## Input data:
┄┄┄┄┄┄┄┄┄┄┄┄┄┄┄┄┄┄┄┄
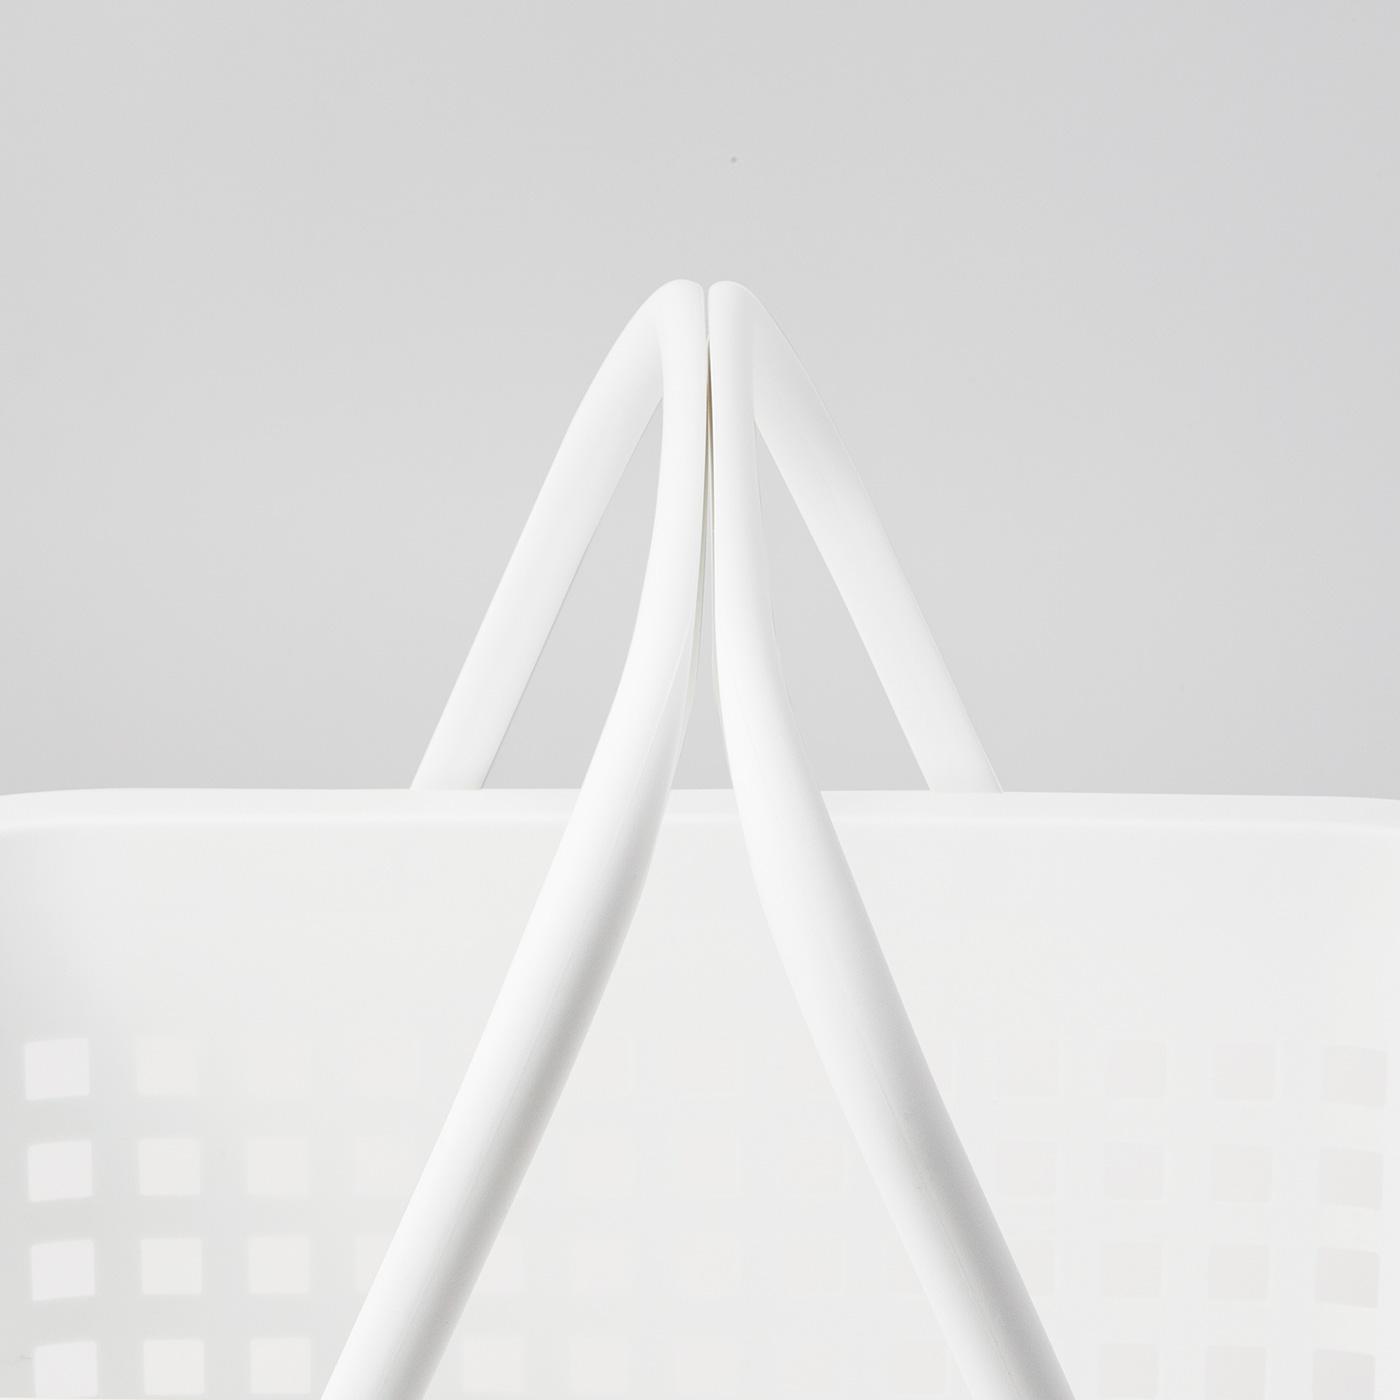 ハンドルは合わせると、重たいものも運びやすい形状に。
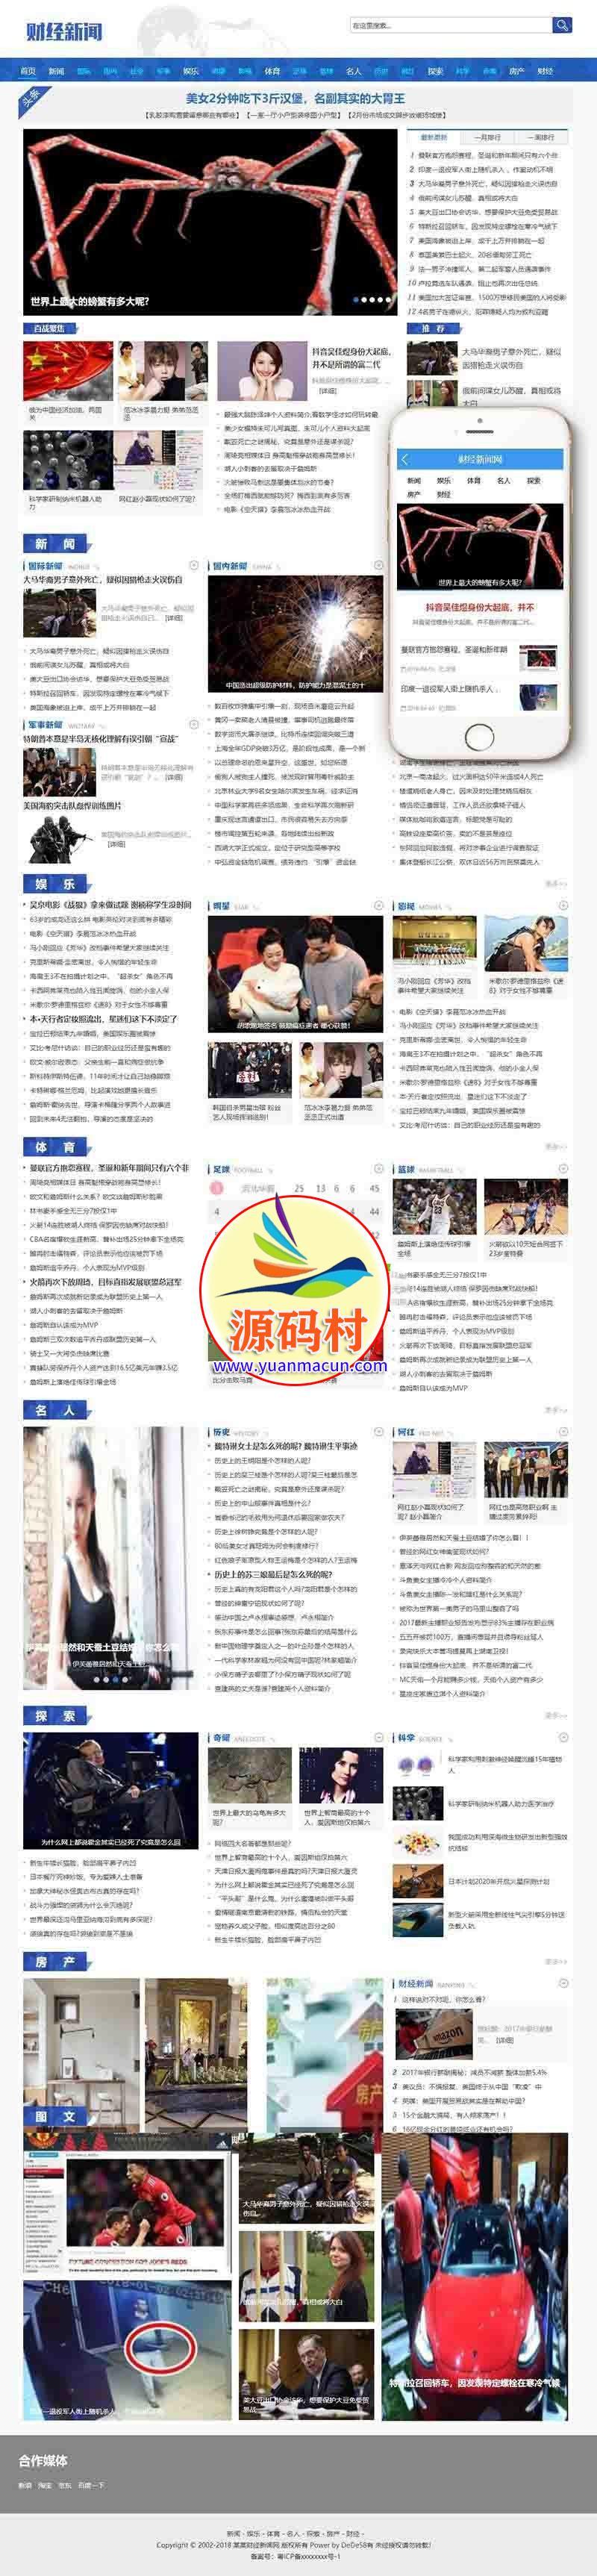 dedecms织梦 社会财经新闻资讯网类网站源码(带手机端) 新闻资讯类整站源码下载
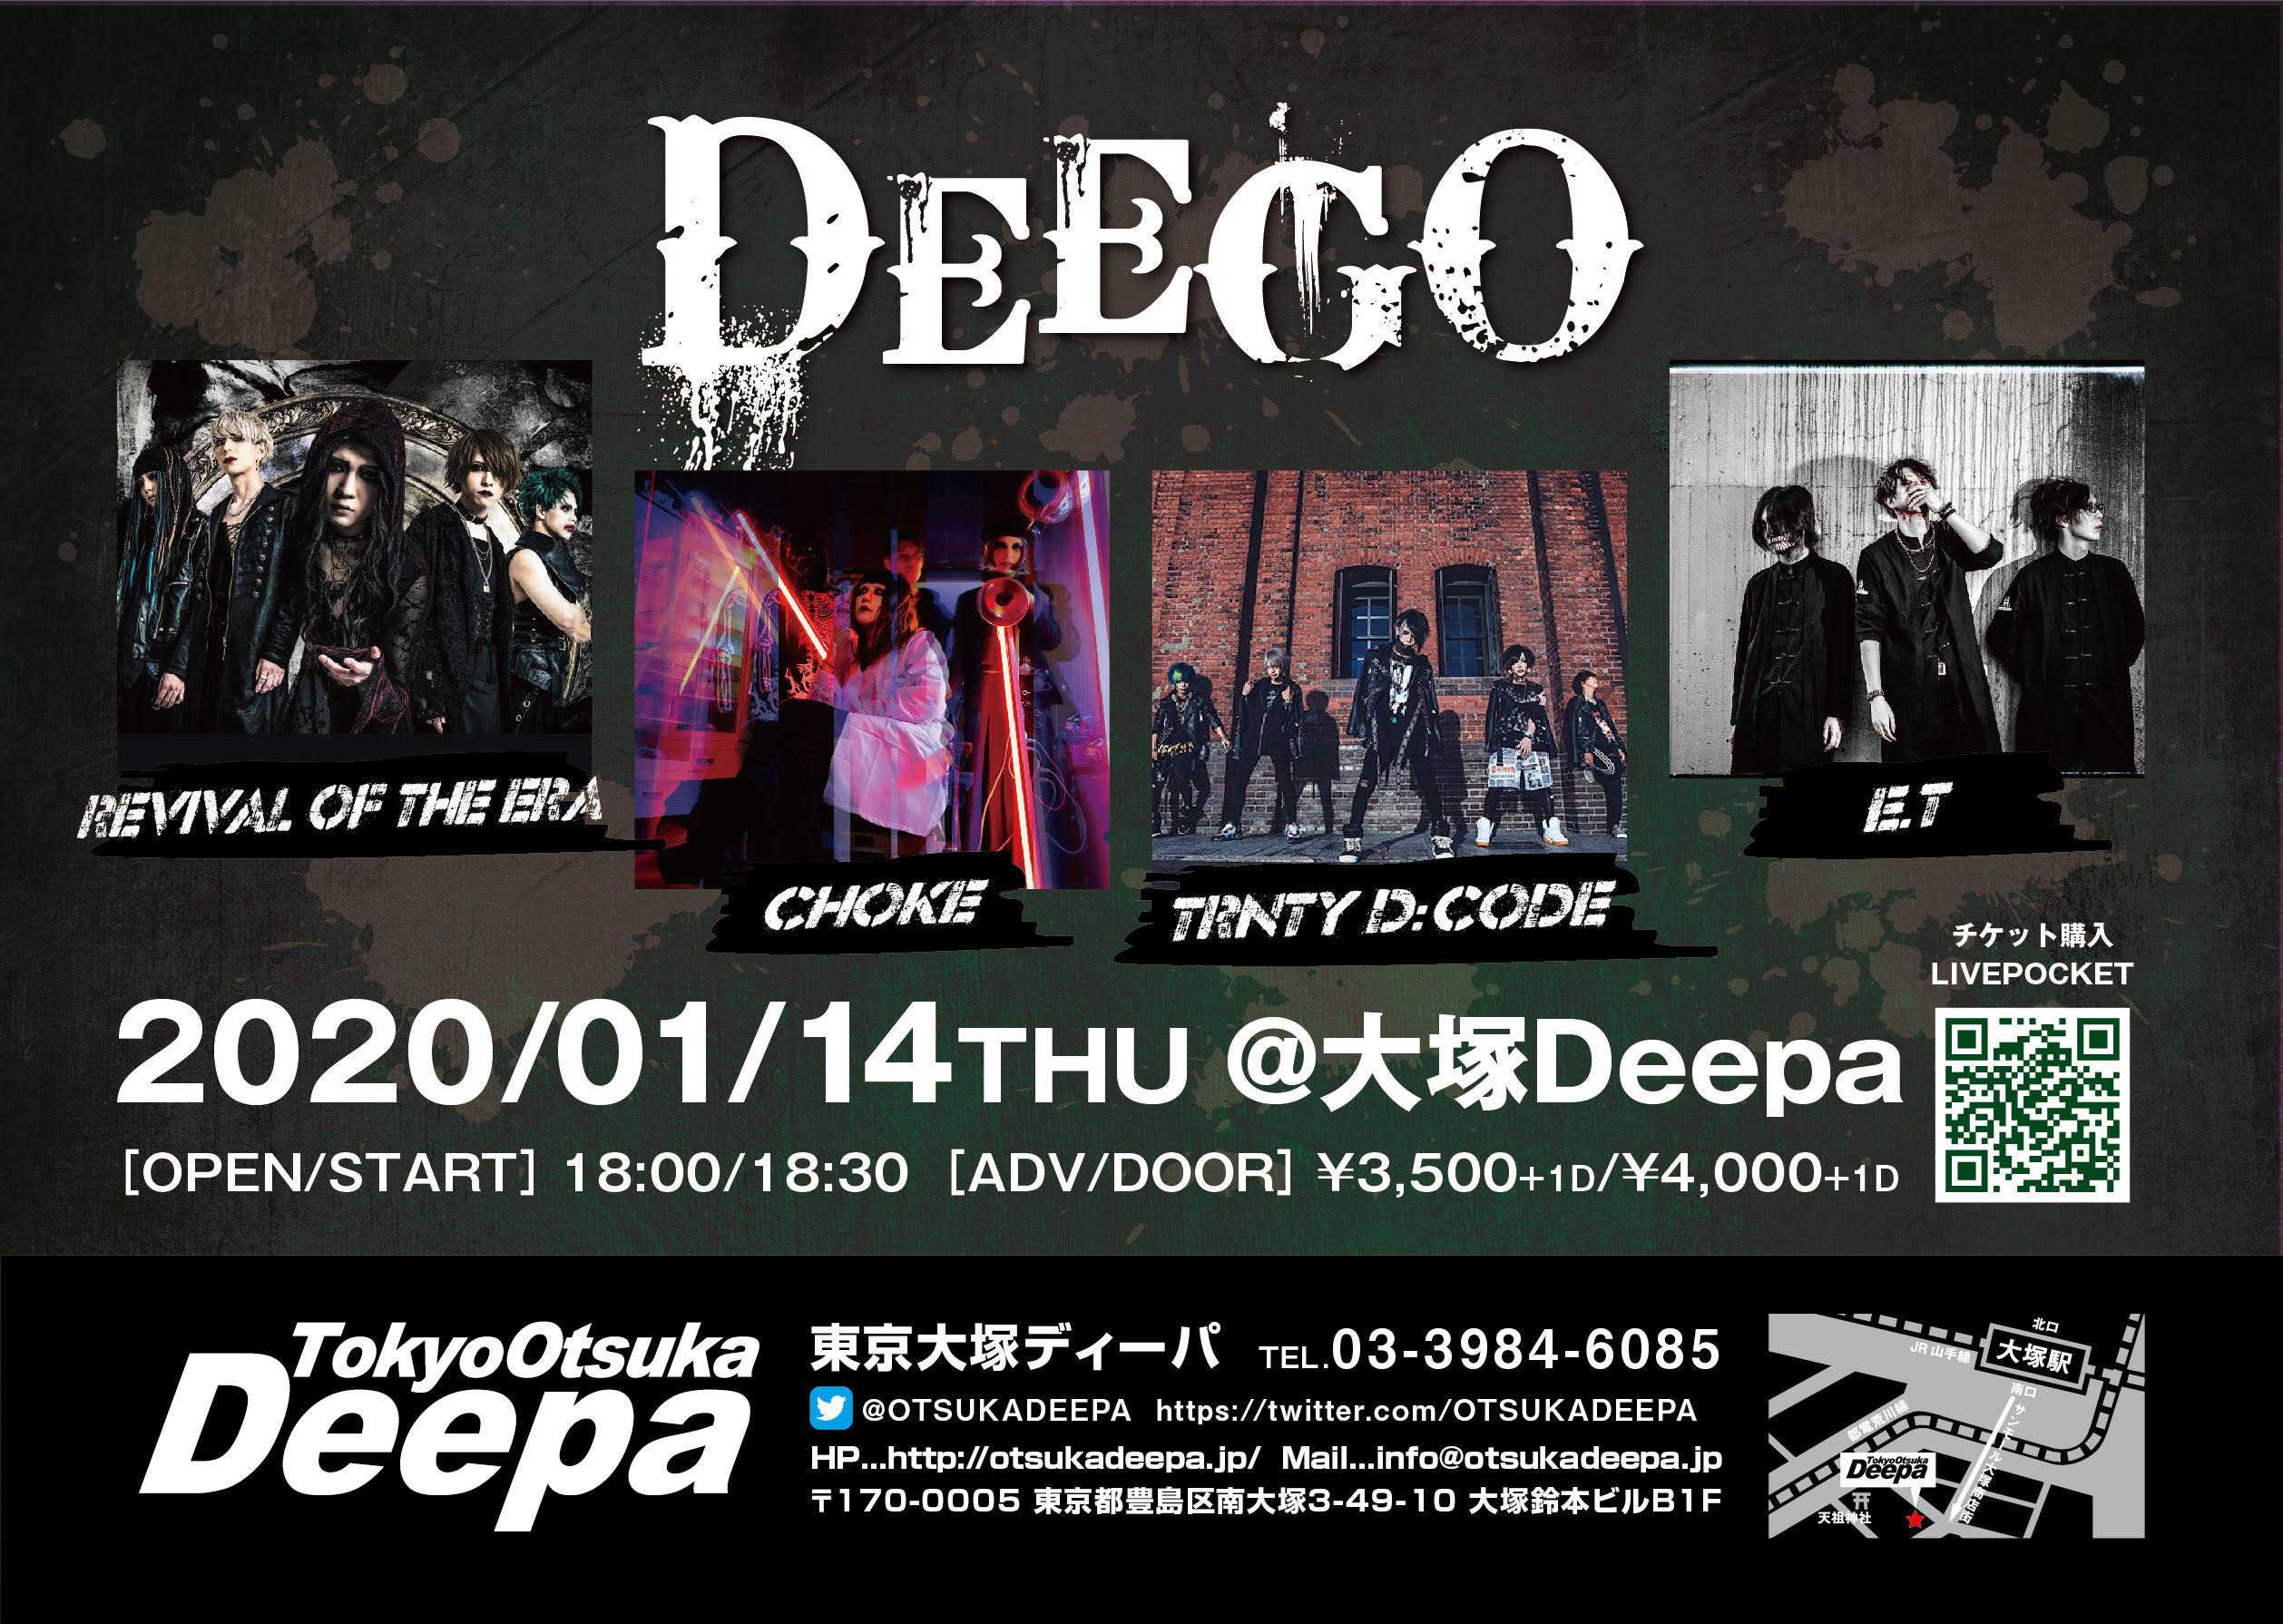 DEEGO 2021/01/14
┄┄┄┄┄┄┄┄┄┄┄┄┄┄┄┄┄┄┄┄
## What you should do:
What's needed is every line above, retyped exactly and free of pictures.

## Answer below:
 ハンドルは合わせると、重たいものも運びやすい形状に。
 dedecms织梦 社会财经新闻资讯网类网站源码(带手机端) 新闻资讯类整站源码下载
 DEEGO 2021/01/14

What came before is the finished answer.